The Cooperation Agreement provides, among other things, that:



•      Concurrently with the execution of the Cooperation Agreement, the Board
       will increase the size of the Board by one and elect Brett Shockley to the
       Board to fill the resulting vacancy and also appoint Mr. Shockley to the
       Nominating and Governance Committee of the Board (the "Nominating
       Committee").



•      The Nominating Committee and the Board agree to nominate Mr. Shockley for
       election to the Board at the Company's 2020 Annual Meeting of Stockholders
       (the "2020 Annual Meeting"), and to recommend and support his election in
       the same manner as the other candidates nominated by the Board, subject to
       exceptions for fiduciary duties.



•      White Hat agrees to irrevocably withdraw the nomination letter it
       previously sent to the Company regarding their nomination of three
       directors for election to the Board at the 2020 Annual Meeting (the
       "Nominations").



•      The Company agrees to reimburse White Hat for up to $55,000 of its
       out-of-pocket expenses incurred in connection with its engagement with the
       Company, the Nominations and the negotiation of the Cooperation Agreement.

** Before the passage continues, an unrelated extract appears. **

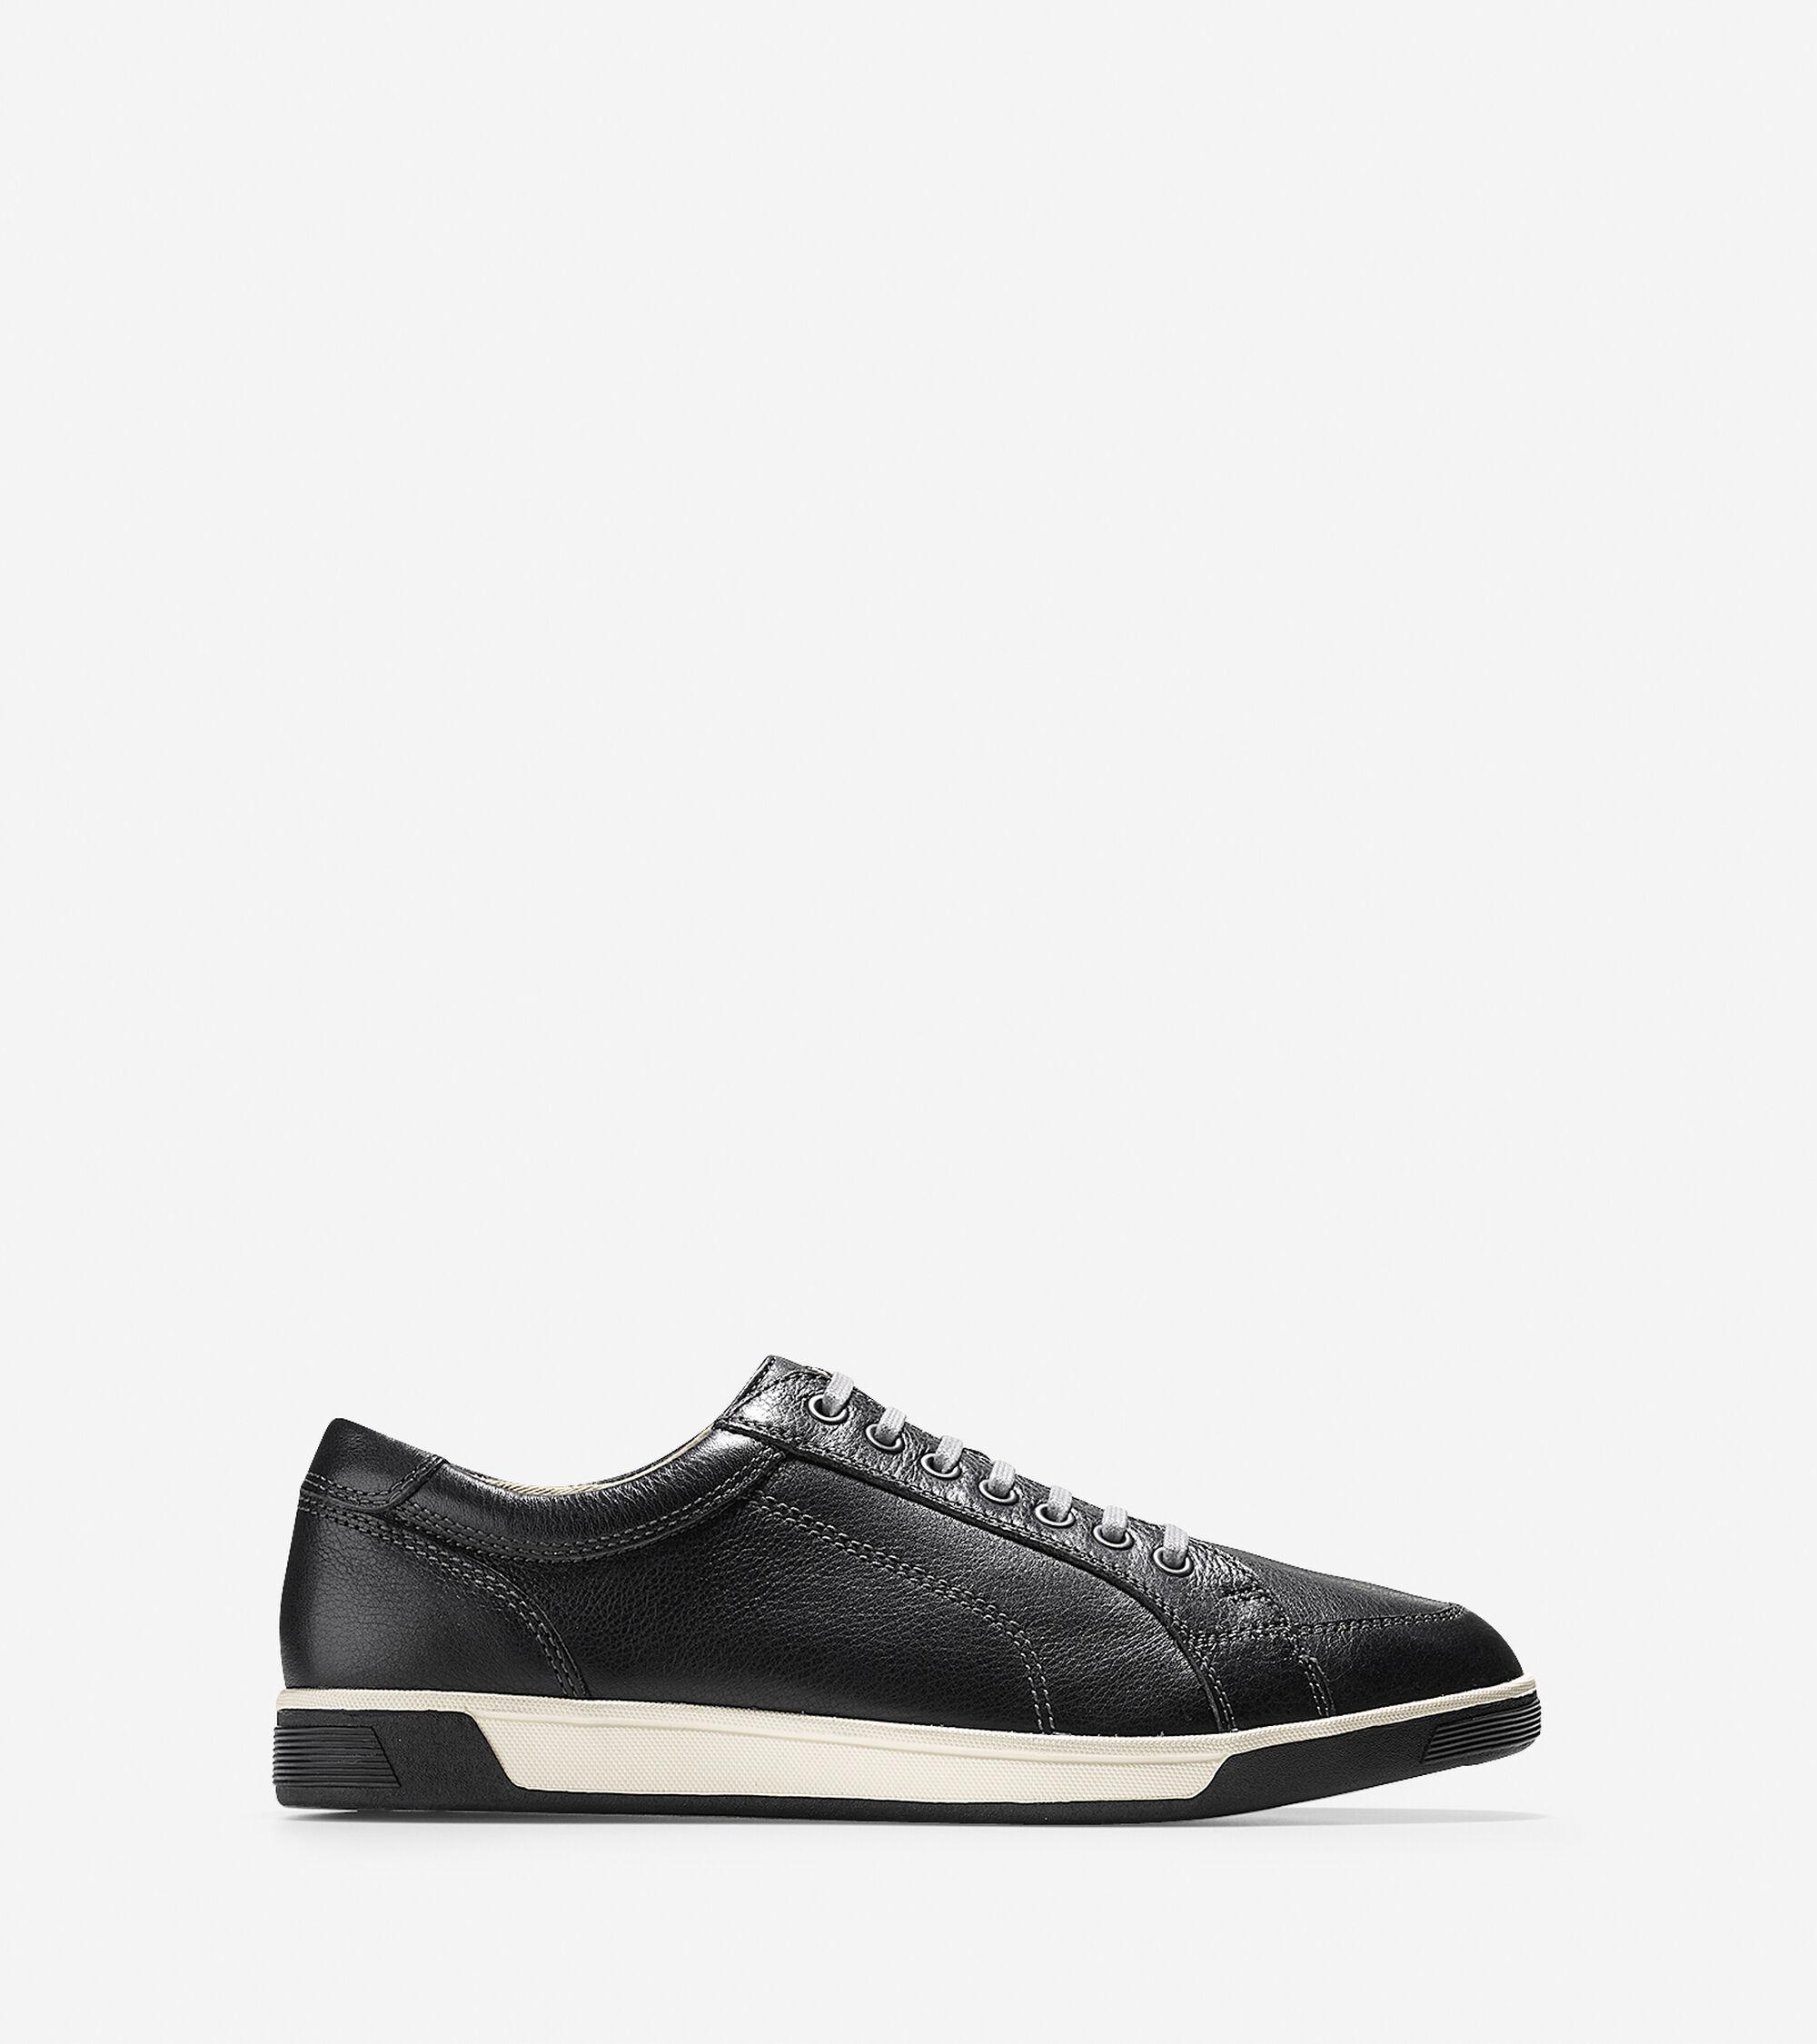 Sneakers > Quincy Sport Oxford

•      White Hat agrees to vote all of the shares of the Company's common stock
       beneficially owned by White Hat on the record date for the 2020 Annual
       Meeting (i) in favor of all persons nominated by the Board to serve as
       directors of the Company and against any stockholder nominated candidate
       not endorsed by the Board and (ii) in accordance with the Board's
       recommendation on other proposals, subject to certain exceptions.



•      White Hat agrees, through the date that is 30 days prior to expiration of
       the advance notice period for the submission by stockholders of director
       nominations for consideration at the Company's 2021 Annual Meeting of
       Stockholders, not to, directly or indirectly, in any manner, alone or in
       concert with others, (i) attempt to call a special meeting of stockholders
       of the Company or (ii) make a request for any stockholder list or other
       Company books and records.


The foregoing summary of the Cooperation Agreement does not purport to be complete and is qualified in its entirety by reference to the full text of the Cooperation Agreement, a copy of which is attached hereto as Exhibit 10.1 and is incorporated herein by reference.

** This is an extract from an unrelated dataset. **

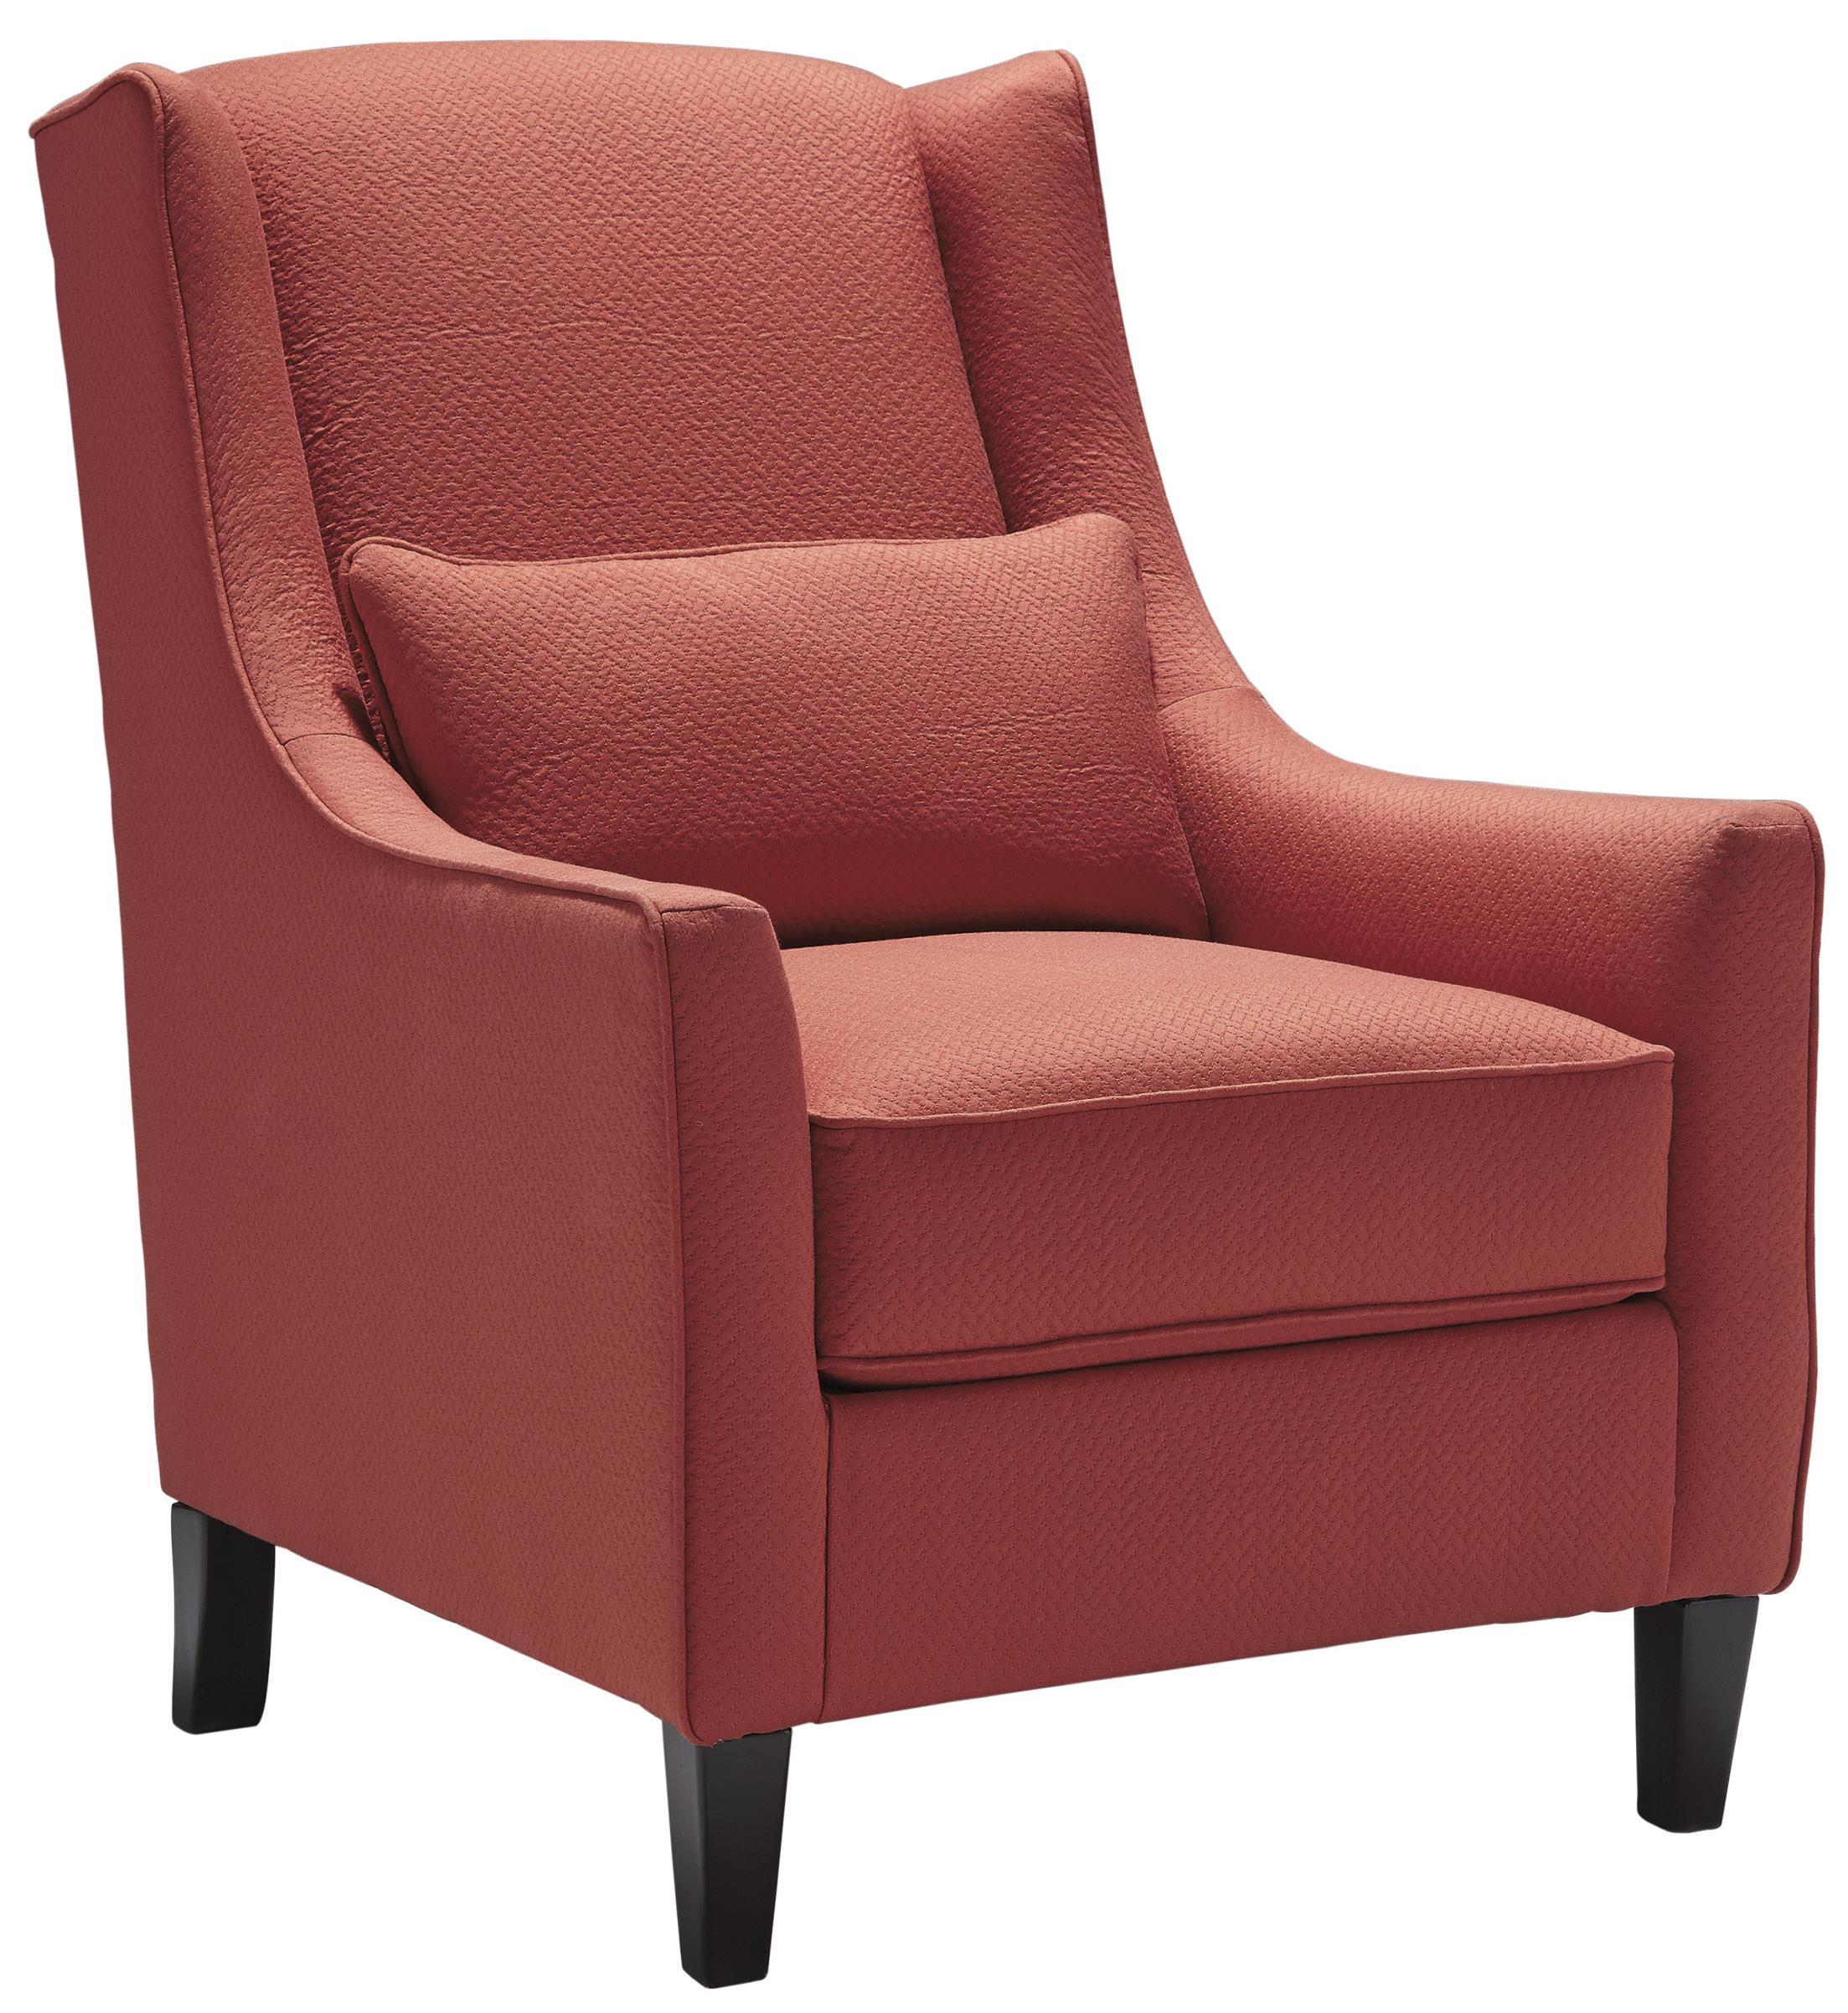 Benchcraft Sansimeon Accent Chair - Item Number: 7990421

Item 5.02. Departure of Directors or Certain Officers; Election of Directors; Appointment of Certain Officers; Compensatory Arrangements of Certain Officers.

On June 18, 2020, in connection with the Company's entry into the Cooperation Agreement, the Board increased its size from ten to eleven directors and elected Brett Shockley to the Board. The Board also appointed Mr. Shockley to the Nominating Committee. Mr. Shockley will receive the same compensation for his service as the Company's other independent directors.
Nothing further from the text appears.